When buying a tax and accounting practice, analyzing the practice and structuring reasonable price and terms is a pretty complicated endeavor. As with all complicated endeavors, people tend to desire simple solutions rather than delve deeper into the issue. This is true with the old rule of thumb that all tax practices are only worth one times annual gross. A simple solution to what is actually a pretty complicated analysis that deserves a more nuanced answer. And this is also true when it comes to analysis of the selling practices’ average fees by tax return form.
About two weeks ago a buyer informed me that he would not consider any tax and accounting practice that had less than a $650 average fee on the 1040 tax returns prepared. A line in the sand without any consideration for the fact that all 1040 tax returns are not equal. A very simple 1040 may take 20 to 30 minutes to prepare, some may take an hour, and some are far more complicated and may take a day or more to prepare.

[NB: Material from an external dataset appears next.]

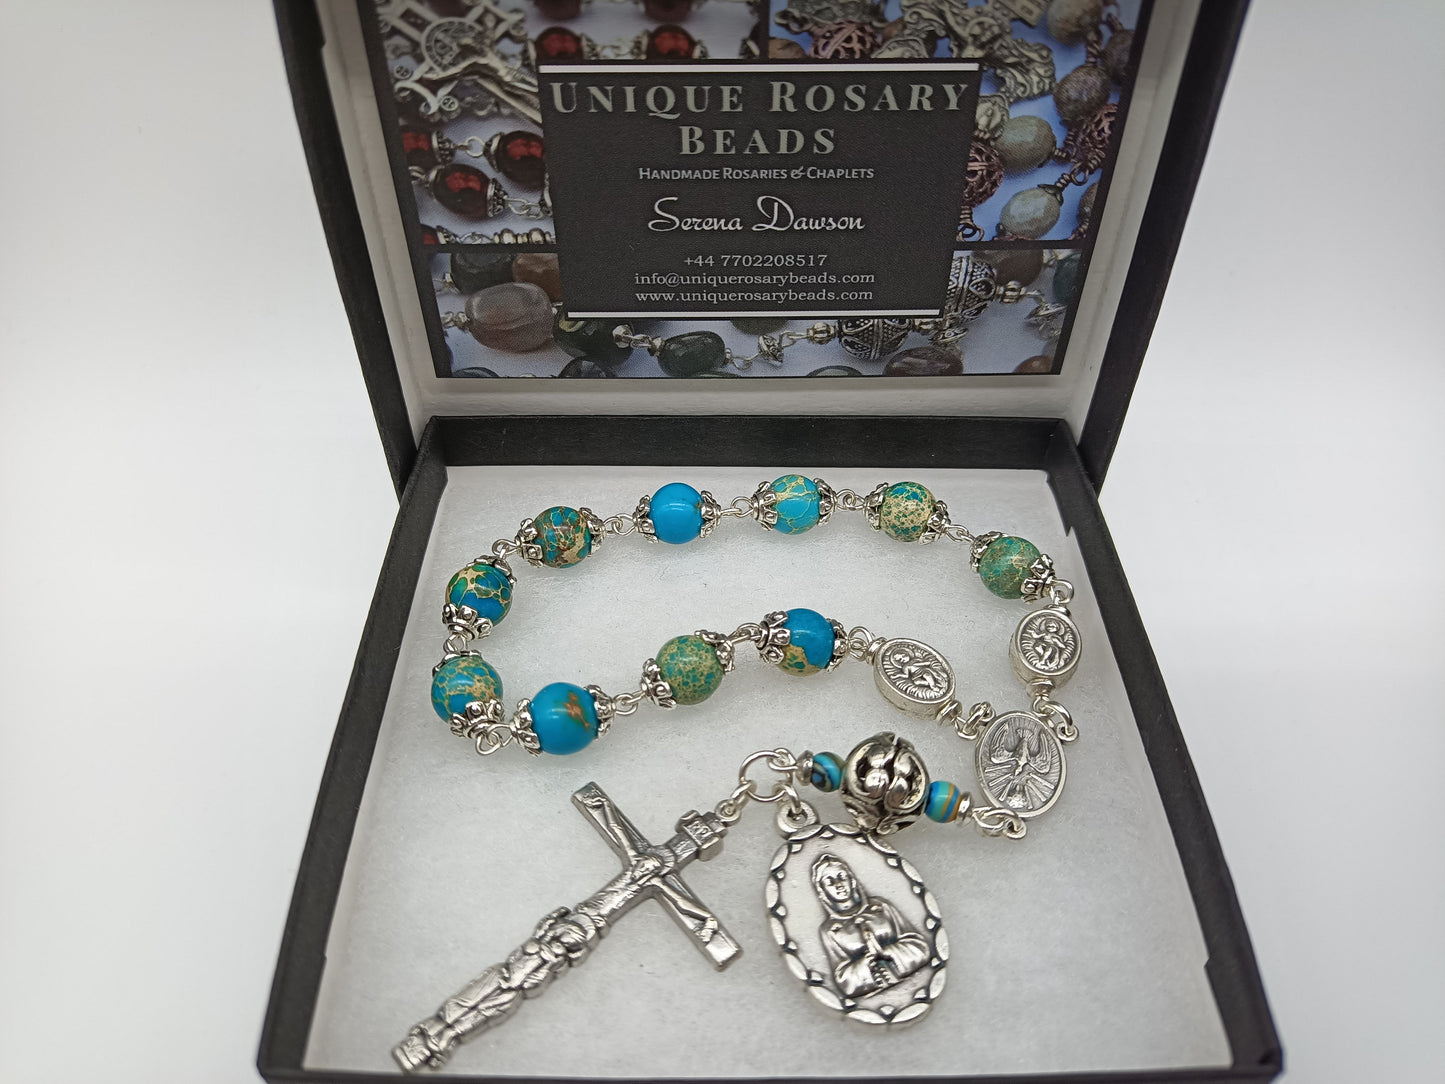 Maria Rosa Mistica handcrafted single decade prayer Beads, Holy Spirit Rosary beads, Our Lady of Sorrows Crucifix, pocket prayer beads.

Consider you have a complicated 1040 that require six hours of time to prepare. There is a schedule C, schedule D, a slew of investments, and the client is not particularly organized. You weigh how much the client would be willing to pay for this return and the time spent on it and bill the client $1,800. So this would equate to an average fee of $1,800 if your tax practice was comprised entirely of this exact same type of return and time spent.
Then, consider you have a bunch of far simpler 1040’s and you run a very efficient operation and have trained your clients very well. You can prepare 6 returns in the same six hours of our previous example and you bill each client $600. This equates to an average fee of $600.
So, in the first example we have an average 1040 fee of $1,800 and in the second we have an average 1040 fee of $600. On the surface level the $1,800 is going to appear to be more appealing. However, when you weigh the time spent you realize that the $1,800 fee equates to a $300 hour while the $600 fee equates to $3,000 over the same period of production time and a $600 hour. The lower fee is twice as profitable! In addition, losing three of the $600 clients is equal to losing one of the $1,800 in regard to total revenue. So, the $600 average fee also presents a diminished risk in regard to client retention.
Yes, analyzing the purchase of a tax and accounting practice can be complicated, so resist pursuing overly simplified answers. Evaluating average fees is certainly important, but giving them too much consideration without understanding the production hours behind them is folly. Be sure to also get a clear understanding of how complicated the tax returns are and the production time, then develop an estimate of how the average fees equate to an hourly rate before drawing your conclusions.